O zaman bütün haberler ajanstan gelirdi. Teksir makinesiyle bir bülten basılır, ofisboy dağıtırdı. Ama o bülten bize ulaşıncaya kadar zaman geçerdi. Bazen bir gün sonra haber aldığımız olurdu. Devamlı radyo dinlerdim. Dinlediğim haberleri ajansın bir gün sonra geçtiğini farkettim. Bu haberleri not alarak gazeteye koymaya başladım. Çok tuttu. İyi bir başlangıç oldu benim için...

Abdi İpekçi de orada mıydı?

Tabii... Orada Abdi İpekçi ile çalıştık. Bu da benim ikinci şansımdı. O benden
iki ay önce başlamıştı. Abdi iç haberlere bakardı, ben de dış haberlere bakardım, Yılmaz Poda da ekonomi haberlerine bakardı. Abdi ile beraberliğimiz öyle başladı.

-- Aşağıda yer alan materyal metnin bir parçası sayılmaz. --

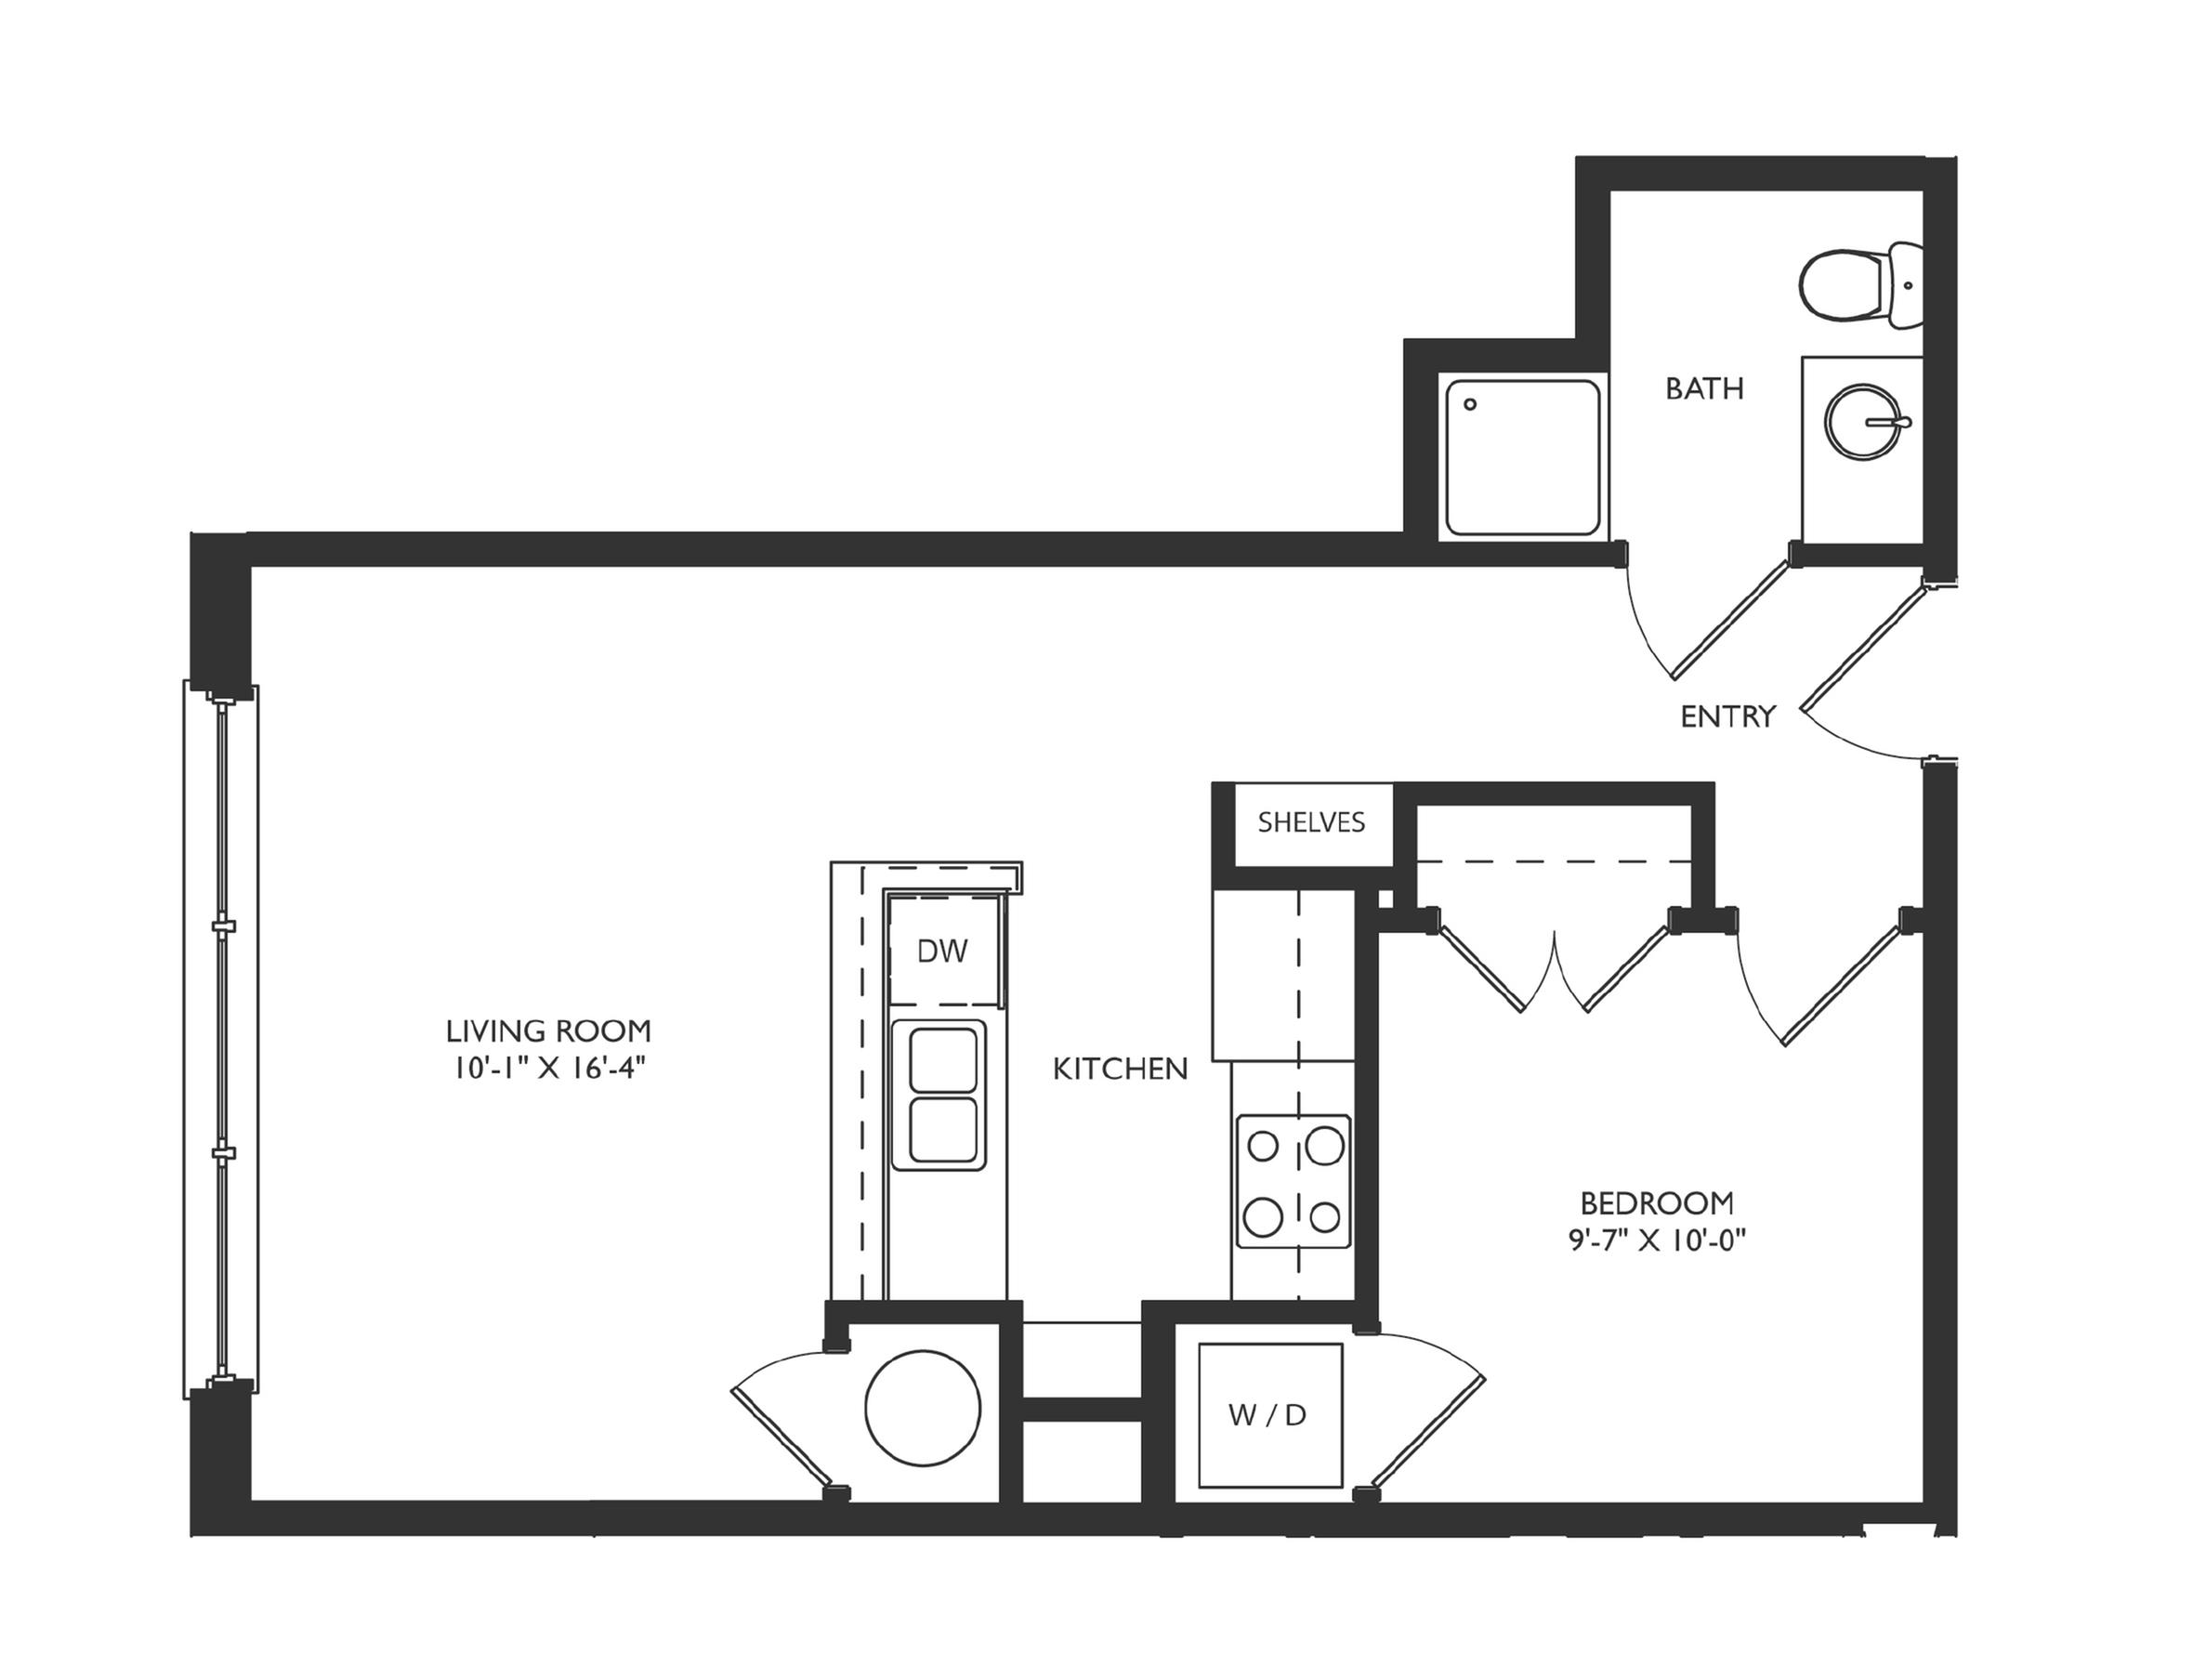 A2a Floor Plan Image

“İlk stajyerim Mehmet Ali Birand’dı”

Milliyet’e nasıl geçtiniz?

1954’ün Haziran ayında Ali Naci Karacan, Abdi’ye “Bana sizin gibi gençler lazım, bize gelin!” diyor. Abdi de bana söyledi, kabul ettik. Milliyet’te çalışmaya başladık. Sonra Karacan bir matbaa kurdu, mizanpajı değiştirdi ve ardından 1 Ekim 1954’ten itibaren bu yeni Milliyet’i yayınlamaya başladık.

Hiç ayrılmadınız?

Aynı gazetede bu kadar yıl ayrılmadan çalışmak vaki değildir. Başka sektörlerde de olması zor. Yıllar boyunca başka gazetelerden birçok teklif yapıldı. Kabul etmedim. Çünkü Milliyet’i kendi yuvam olarak gördüm. Başka bir havası vardı. Büyük bir aile gibi. Evlenmeden önce “Yuvam Milliyet” derdim, evlendikten sonra “İkinci yuvam Milliyet” demeye başladım. 60 yıldır çalışıyorum, çok mutluyum. Milliyet ile özdeşleştim.

60 yıl nasıl geçti?

Çok çalışarak, mücadele ederek ve Milliyet’e has bir duygusal ortam içinde geçti. Biz çalışmaya başladığımızda Milliyet yeni bir gazeteydi ve kendimizi kabul ettirdik. İtibar edilen ve görüşleri önemsenen bir gazete haline geldi. Bir dönem yabancı basının en çok atıf ve iktibas yaptığı gazeteydi. Hem kaliteli hem çeşitli haberler vardı. spor bölümünün yanı sıra diplomasi ve
Ankara haberlerimiz çok kuvvetliydi.

Abdi İpekçi’yle çalışmak nasıldı?

İpekçi çok yaratıcı ve yenilikçiydi. İlkleri yapardı. İnsanların önünü açardı. Ufuk ve vizyon verirdi. Cesurdu, insanların görüşlerini önemserdi.

Siz?

Ben dış haberlerin şefiydim. Daha çok yer verilmesini istiyordum. Bir sayfa istiyordum. Bu çok iddialı bir talepti.Abdi İpekçi dünyaya açık bir insan olduğu için bu talebi kabul etti. Sonra bir ekip oluşturmak istedim. İlk stajyer olarak Mehmet Ali Birand’ı aldım. Şeftim ama zor ve önemli haberlere ben gidiyordum. İlk olarak 1955’te Kıbrıs meselesinin görüşüldüğü Londra Konferansı’nı takip ettim. O zaman Kıbrıs İngiltere’nin kolonisiydi. O dönem bu tür haberler ajanstan alınıyordu. Yıllar içinde çok dolaştım. Birçok ilkler elde ettim.

Mesela?

1963’te Demirperde ülkesi Arnavutluk’a ilk giren gazeteci oldum.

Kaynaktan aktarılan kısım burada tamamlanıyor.